Task objective: Below are the records; give again exactly the line with "Sixteen bottles of", the line with "Seared steak on", and each line that lies between them, and nothing besides.

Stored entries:

Segment Open

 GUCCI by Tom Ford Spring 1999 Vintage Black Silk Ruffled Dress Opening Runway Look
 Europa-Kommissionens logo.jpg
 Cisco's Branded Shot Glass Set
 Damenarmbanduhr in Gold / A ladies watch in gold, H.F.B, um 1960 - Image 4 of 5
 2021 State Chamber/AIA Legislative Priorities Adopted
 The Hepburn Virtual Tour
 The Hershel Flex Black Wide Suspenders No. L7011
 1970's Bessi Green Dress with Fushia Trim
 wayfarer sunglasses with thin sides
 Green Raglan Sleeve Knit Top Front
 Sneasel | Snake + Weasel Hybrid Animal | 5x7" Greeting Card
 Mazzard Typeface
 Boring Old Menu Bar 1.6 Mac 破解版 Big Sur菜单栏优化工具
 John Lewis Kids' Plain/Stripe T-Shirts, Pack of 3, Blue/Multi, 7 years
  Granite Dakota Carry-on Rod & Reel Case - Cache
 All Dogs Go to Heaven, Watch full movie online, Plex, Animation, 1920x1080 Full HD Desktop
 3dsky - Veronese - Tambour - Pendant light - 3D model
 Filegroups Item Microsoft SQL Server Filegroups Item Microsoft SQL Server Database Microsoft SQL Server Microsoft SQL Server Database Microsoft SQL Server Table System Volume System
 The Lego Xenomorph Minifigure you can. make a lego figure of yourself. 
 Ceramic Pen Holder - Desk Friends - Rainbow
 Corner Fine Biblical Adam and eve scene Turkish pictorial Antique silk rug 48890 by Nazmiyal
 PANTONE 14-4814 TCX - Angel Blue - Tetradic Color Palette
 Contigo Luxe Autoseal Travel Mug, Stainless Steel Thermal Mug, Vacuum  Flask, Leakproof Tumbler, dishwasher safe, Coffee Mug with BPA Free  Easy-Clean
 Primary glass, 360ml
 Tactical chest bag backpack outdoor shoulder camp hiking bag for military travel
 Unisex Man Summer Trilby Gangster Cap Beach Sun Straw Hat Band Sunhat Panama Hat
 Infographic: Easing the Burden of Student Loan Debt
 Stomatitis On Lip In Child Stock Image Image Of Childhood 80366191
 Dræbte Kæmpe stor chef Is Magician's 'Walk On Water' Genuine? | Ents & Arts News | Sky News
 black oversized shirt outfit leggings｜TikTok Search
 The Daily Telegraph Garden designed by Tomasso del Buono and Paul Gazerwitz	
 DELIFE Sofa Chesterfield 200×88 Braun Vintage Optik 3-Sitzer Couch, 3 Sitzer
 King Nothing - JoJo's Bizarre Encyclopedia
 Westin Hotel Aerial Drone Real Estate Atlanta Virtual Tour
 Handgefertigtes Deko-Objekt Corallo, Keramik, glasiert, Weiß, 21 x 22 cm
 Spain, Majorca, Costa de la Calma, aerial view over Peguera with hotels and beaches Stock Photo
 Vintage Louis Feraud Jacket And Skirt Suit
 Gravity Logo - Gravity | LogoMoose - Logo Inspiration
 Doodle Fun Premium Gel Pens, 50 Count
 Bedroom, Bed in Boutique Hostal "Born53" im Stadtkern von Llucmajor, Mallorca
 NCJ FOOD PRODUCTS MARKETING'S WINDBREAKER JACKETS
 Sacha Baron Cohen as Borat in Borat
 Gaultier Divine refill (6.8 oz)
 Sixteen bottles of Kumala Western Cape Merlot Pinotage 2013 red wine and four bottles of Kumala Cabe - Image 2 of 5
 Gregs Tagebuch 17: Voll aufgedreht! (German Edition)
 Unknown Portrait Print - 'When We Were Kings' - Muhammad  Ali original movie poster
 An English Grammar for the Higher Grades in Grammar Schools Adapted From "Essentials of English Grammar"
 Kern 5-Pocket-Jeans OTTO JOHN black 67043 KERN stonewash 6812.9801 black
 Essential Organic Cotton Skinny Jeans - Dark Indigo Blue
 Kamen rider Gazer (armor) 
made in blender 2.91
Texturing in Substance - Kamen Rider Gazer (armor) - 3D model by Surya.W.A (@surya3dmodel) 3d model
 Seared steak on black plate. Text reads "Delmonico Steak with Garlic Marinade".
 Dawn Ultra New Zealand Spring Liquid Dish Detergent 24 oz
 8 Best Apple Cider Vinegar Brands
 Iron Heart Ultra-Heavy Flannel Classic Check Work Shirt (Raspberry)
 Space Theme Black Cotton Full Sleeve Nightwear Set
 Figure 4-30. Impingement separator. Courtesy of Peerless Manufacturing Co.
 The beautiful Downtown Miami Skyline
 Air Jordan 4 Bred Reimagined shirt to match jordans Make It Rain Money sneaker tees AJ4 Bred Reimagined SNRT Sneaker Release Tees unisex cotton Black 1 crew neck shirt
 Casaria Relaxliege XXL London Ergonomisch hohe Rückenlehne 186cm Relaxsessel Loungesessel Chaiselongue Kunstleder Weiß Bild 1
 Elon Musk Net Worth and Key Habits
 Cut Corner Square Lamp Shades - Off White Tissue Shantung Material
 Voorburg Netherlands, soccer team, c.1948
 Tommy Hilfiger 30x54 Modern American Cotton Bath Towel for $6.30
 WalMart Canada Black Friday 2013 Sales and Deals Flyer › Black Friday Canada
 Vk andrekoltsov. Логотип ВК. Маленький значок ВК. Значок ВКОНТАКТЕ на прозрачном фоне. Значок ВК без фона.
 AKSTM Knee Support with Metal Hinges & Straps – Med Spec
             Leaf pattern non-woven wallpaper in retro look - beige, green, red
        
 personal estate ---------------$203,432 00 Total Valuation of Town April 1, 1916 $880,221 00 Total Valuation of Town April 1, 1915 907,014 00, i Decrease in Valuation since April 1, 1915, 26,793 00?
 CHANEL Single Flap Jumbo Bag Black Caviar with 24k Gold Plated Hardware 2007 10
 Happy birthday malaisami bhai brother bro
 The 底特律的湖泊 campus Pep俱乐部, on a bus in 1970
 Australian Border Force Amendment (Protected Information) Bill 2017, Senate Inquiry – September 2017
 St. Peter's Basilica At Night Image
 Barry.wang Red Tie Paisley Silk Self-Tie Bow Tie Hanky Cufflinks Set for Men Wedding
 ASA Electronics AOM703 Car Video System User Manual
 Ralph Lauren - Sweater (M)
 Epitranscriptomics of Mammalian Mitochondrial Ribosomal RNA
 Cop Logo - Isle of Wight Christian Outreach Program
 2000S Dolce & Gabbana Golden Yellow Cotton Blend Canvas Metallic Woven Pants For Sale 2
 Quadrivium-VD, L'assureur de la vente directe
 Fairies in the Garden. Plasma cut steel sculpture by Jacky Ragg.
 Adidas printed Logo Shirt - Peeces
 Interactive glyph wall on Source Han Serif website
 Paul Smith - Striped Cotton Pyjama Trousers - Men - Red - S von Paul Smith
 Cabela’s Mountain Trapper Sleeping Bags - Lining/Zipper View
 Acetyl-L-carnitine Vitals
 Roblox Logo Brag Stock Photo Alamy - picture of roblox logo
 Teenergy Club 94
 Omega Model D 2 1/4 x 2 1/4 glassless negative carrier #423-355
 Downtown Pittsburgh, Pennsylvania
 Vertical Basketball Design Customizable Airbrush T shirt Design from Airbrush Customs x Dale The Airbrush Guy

Segment Closed

Completed exercise:
 Sixteen bottles of Kumala Western Cape Merlot Pinotage 2013 red wine and four bottles of Kumala Cabe - Image 2 of 5
 Gregs Tagebuch 17: Voll aufgedreht! (German Edition)
 Unknown Portrait Print - 'When We Were Kings' - Muhammad  Ali original movie poster
 An English Grammar for the Higher Grades in Grammar Schools Adapted From "Essentials of English Grammar"
 Kern 5-Pocket-Jeans OTTO JOHN black 67043 KERN stonewash 6812.9801 black
 Essential Organic Cotton Skinny Jeans - Dark Indigo Blue
 Kamen rider Gazer (armor) 
made in blender 2.91
Texturing in Substance - Kamen Rider Gazer (armor) - 3D model by Surya.W.A (@surya3dmodel) 3d model
 Seared steak on black plate. Text reads "Delmonico Steak with Garlic Marinade".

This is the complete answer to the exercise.